**TASK DETAILS:**
From the listing below, copy only the lines from the line that contains "Abidjan au @africaceoforum." to the line that contains "#secteurprivé de l'UEMOA.", counting those two lines as part of the copy.

**DATA EXCERPTS:**
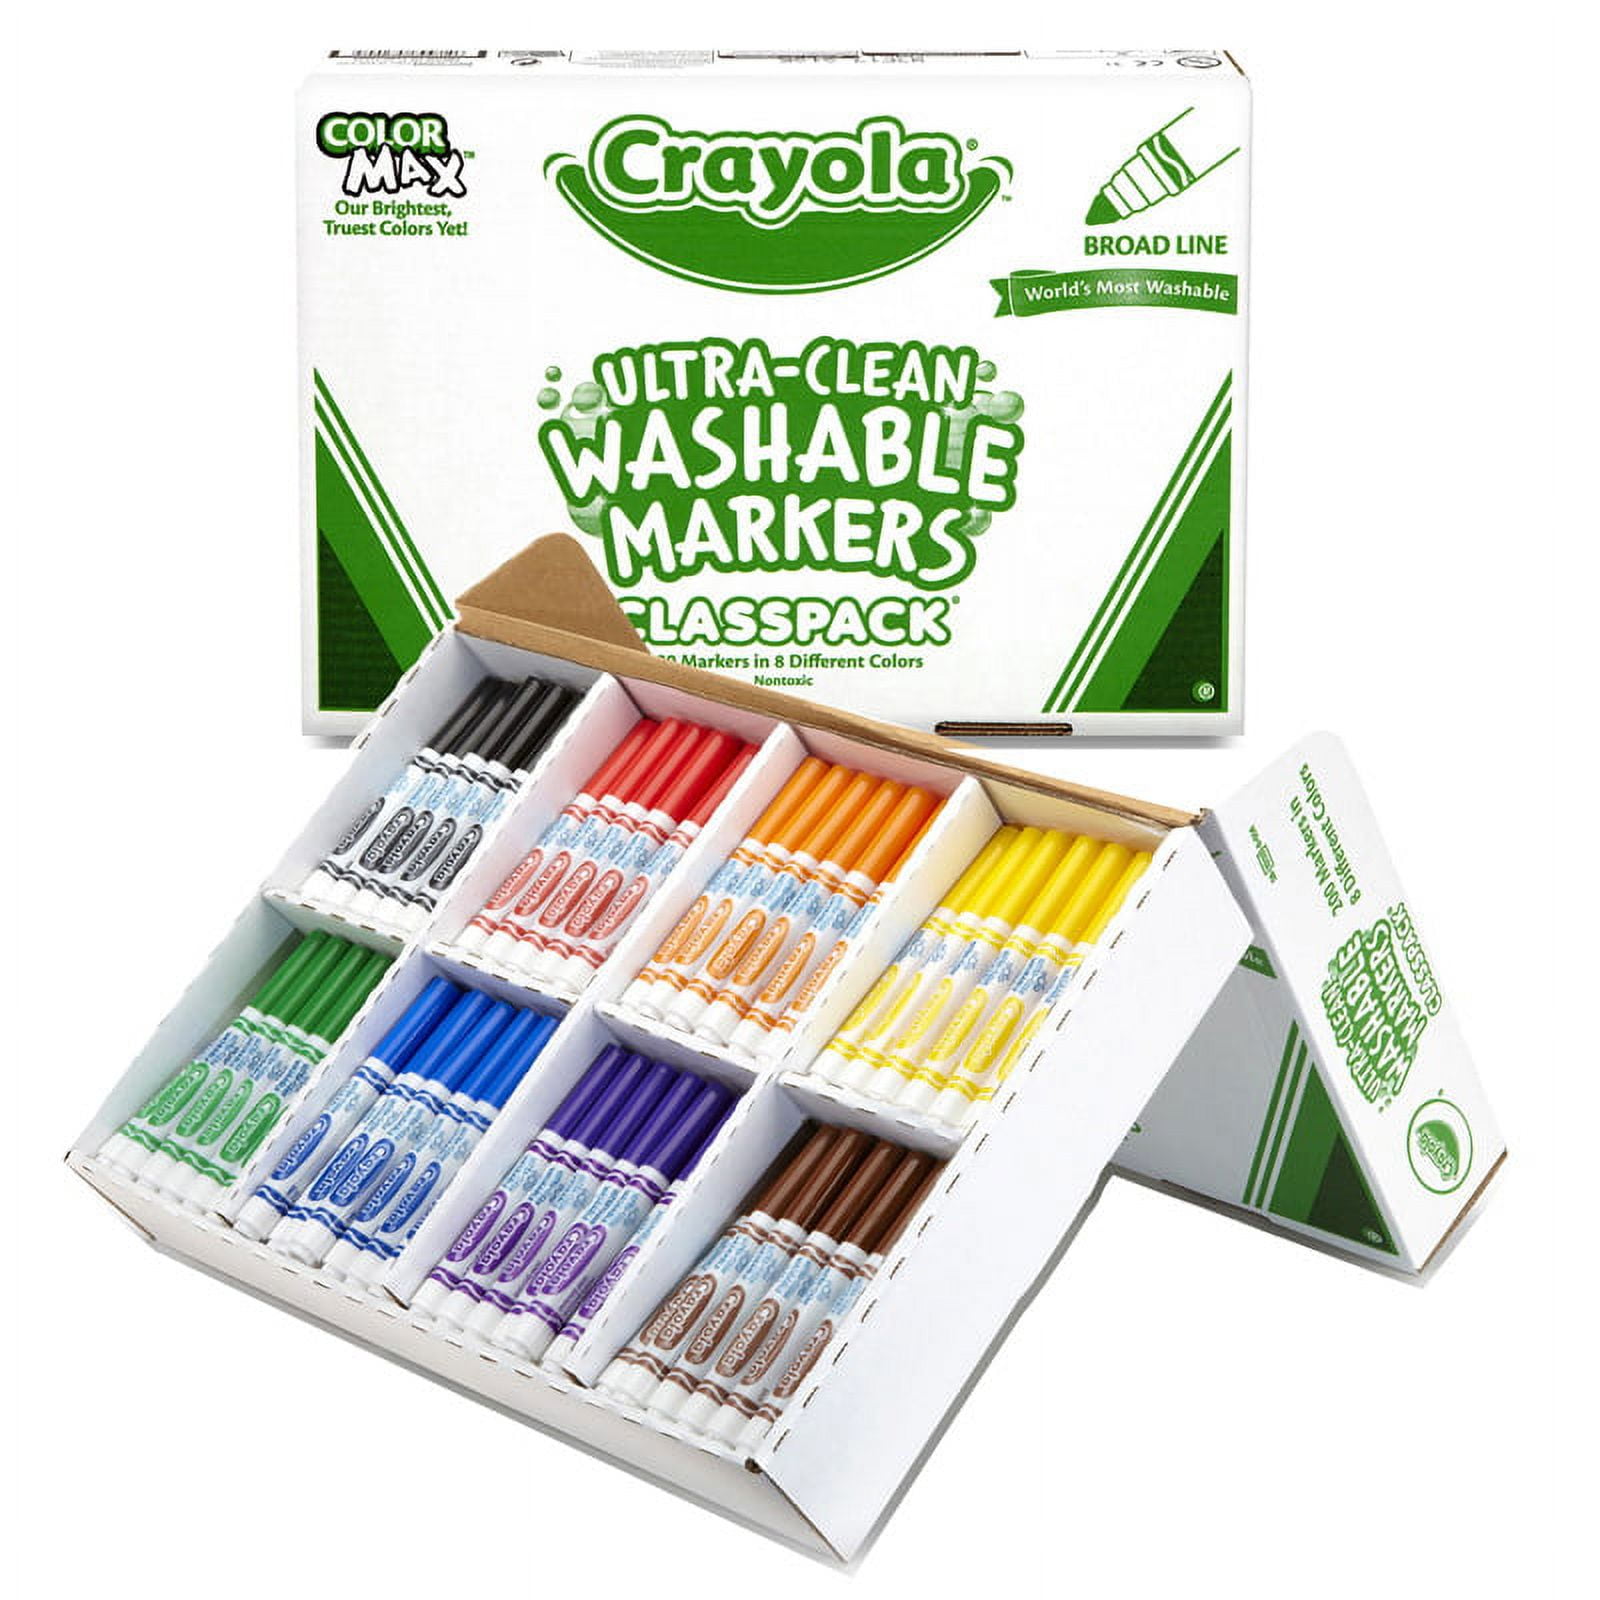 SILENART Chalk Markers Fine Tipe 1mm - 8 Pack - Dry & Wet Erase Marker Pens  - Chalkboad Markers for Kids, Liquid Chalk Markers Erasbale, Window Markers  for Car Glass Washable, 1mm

...

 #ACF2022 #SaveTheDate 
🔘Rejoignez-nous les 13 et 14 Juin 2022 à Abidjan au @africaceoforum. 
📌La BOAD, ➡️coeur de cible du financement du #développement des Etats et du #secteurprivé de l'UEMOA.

**EXPECTED OUTPUT:**
🔘Rejoignez-nous les 13 et 14 Juin 2022 à Abidjan au @africaceoforum. 
📌La BOAD, ➡️coeur de cible du financement du #développement des Etats et du #secteurprivé de l'UEMOA.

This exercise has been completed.